This can be combined with the flag -l <recycling_tolerance>, where <recycling_tolerance> is a decimal number and declares when to stop recycling. This number is based on a predicted Ca-RMS and thus the smaller, the better the prediction. However, this is not strictly true and pLDDT as well as pTM usually remain high in very difficult or inheritently disordered proteins. This happen even if the observed value drops below the set threshold.

The smaller <recycling_tolerance> the more likely recycling happens exactly <num_recycle> times. <recycling_tolerance> is by default 0, usefull values are usually 0.25-0.33.

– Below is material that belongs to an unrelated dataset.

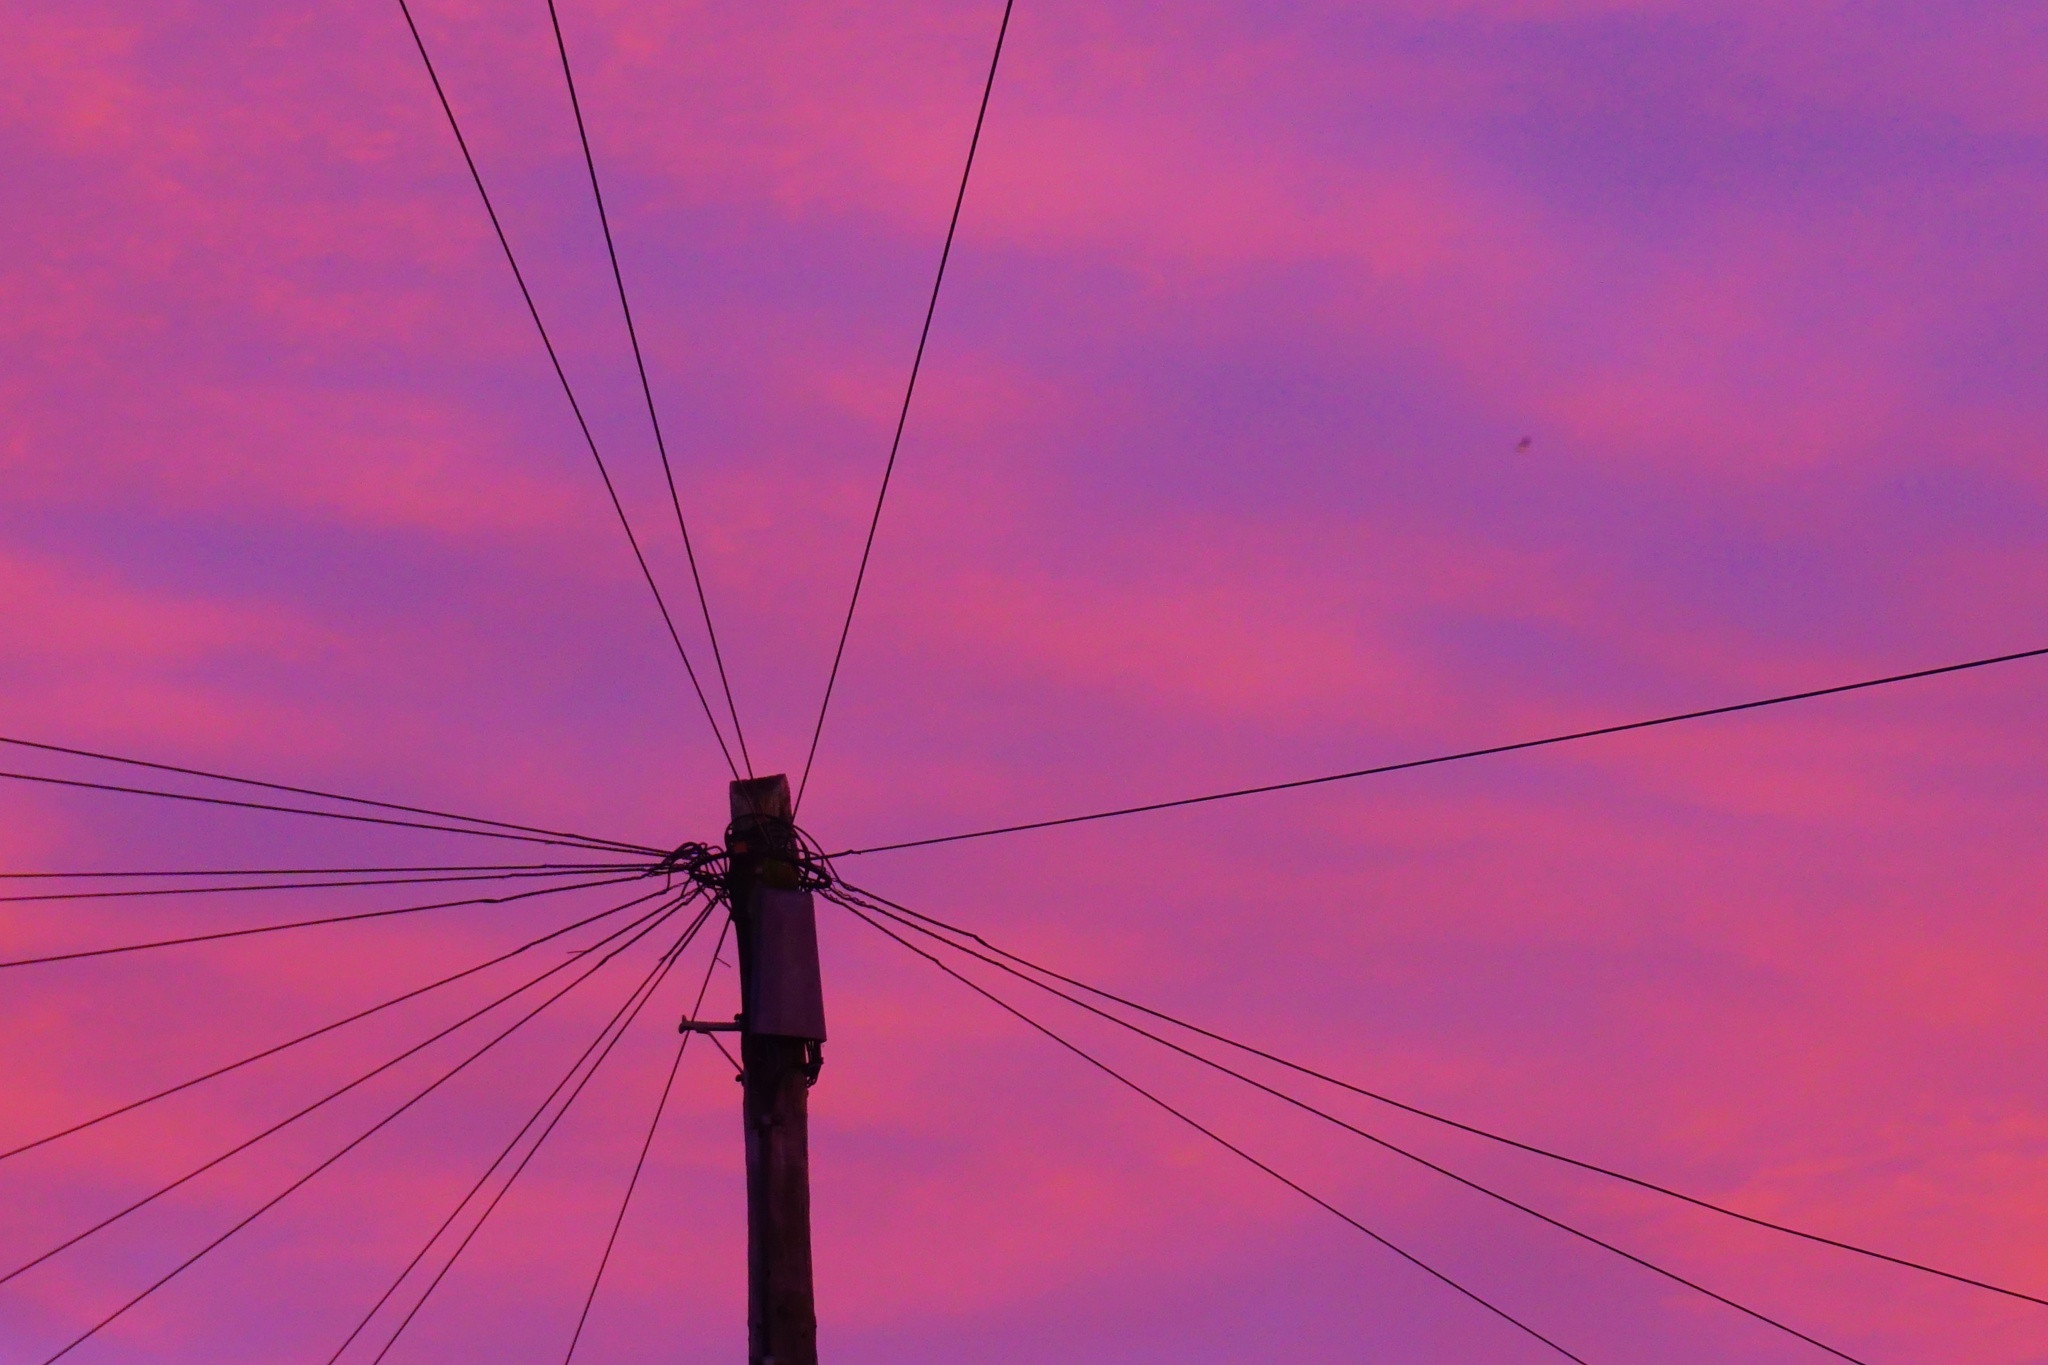 Wired sunrise by AJ Yakstrangler Andy Jamieson

Random seeds and sampling prediction multiple times

AlphaFold utilises a random seed to initialize features for predictions and the predictins itself. Giving the same seed, shall always yield the same result, while providing a different seed, can yield different predictions. This is more pronounced in difficult cases with for example only a very shallow MSA (few sequences). However, GPU processing is sometimes (including this case) not deterministic. Thus the entire AlphaFold pipeline is non-deterministic either and the same seed can give different results.

With ComplexFold you can provide multiple seeds in a comma separated list -s 123,567,... or set -x <num_seeds>. The latter genrates as much random seed as requested. This lets ComplexFold run the prediction multiple times with all given models. Only the best 5 models, based on plDDT (normal models) or pTM (ptm models), are relaxed and given as output.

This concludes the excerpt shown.